Rest-frame near-infrared sizes of galaxies at cosmic noon: objects in JWST's mirror are smaller than they appeared

TL;DR

Using JWST's advanced infrared imaging, the study reveals that galaxy sizes at cosmic noon are smaller in the rest-frame near-infrared than in optical wavelengths, indicating more compact mass profiles than previously observed.

Contribution

This work provides the first direct measurements of galaxy sizes at 4.4μm at high redshift, showing significant differences from optical sizes and highlighting the importance of infrared data for understanding galaxy structure.

Findings

Galaxy half-light radii are ~8% smaller at 4.4μm than at 1.5μm.

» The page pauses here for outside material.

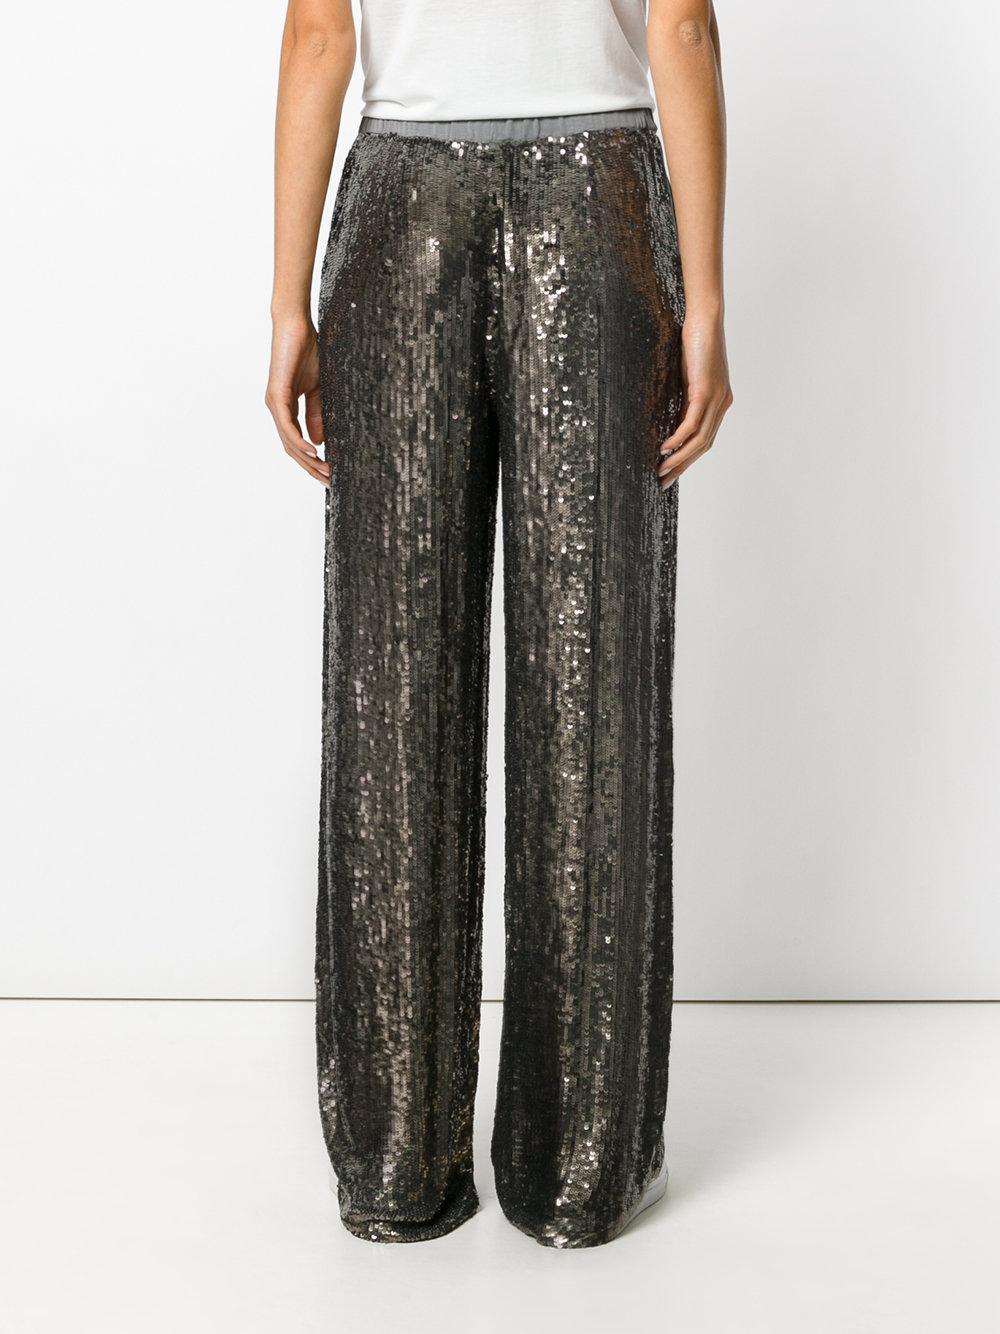 Lyst - P.A.R.O.S.H. Sequinned Track Pants in Metallic

Massive galaxies (~10^11 M_sun) are ~25% smaller in the infrared.

Rest-frame infrared sizes suggest more compact mass profiles than optical measurements.

Abstract

Galaxy sizes and their evolution over cosmic time have been studied for decades and serve as key tests of galaxy formation models. However, at $z\gtrsim1$ these studies have been limited by a lack of deep, high-resolution rest-frame infrared imaging that accurately traces galaxy stellar mass distributions. Here, we leverage the new capabilities of the James Webb Space Telescope to measure the 4.4$\mu$m sizes of ${\sim}1000$ galaxies with $\log{\rm{M}_*/\rm{M}_\odot}\ge9$ and $1.0\le z \le 2.5$ from public CEERS imaging in the EGS deep field. We compare the sizes of galaxies measured from NIRCam imaging at 4.4$\mu$m ($\lambda_{\mathrm{rest}}\sim1.6\mu $m) with sizes measured at $1.5\mu$m ($\lambda_{\mathrm{rest}}\sim5500$A). We find that, on average, galaxy half-light radii are $\sim8$% smaller at 4.4$\mu$m than 1.5$\mu$m in this sample. This size difference is markedly stronger at higher stellar masses and redder rest-frame $V-J$ colors: galaxies with ${\rm M}_* \sim 10^{11}\,{\rm M}_\odot$ have 4.4$\mu$m sizes that are $\sim 25$% smaller than their 1.5$\mu$m sizes. Our results indicate that galaxy mass profiles are significantly more compact than their rest-frame optical light profiles at cosmic noon, and demonstrate that spatial variations in age and attenuation are important, particularly for massive galaxies. The trend that we find here impacts our understanding of the size growth and evolution of galaxies, and suggests that previous studies based on rest-frame optical light may not have captured the mass-weighted structural evolution of galaxies. This paper represents a first step towards a new understanding of the morphologies of early massive galaxies enabled by JWST's infrared window into the distant universe.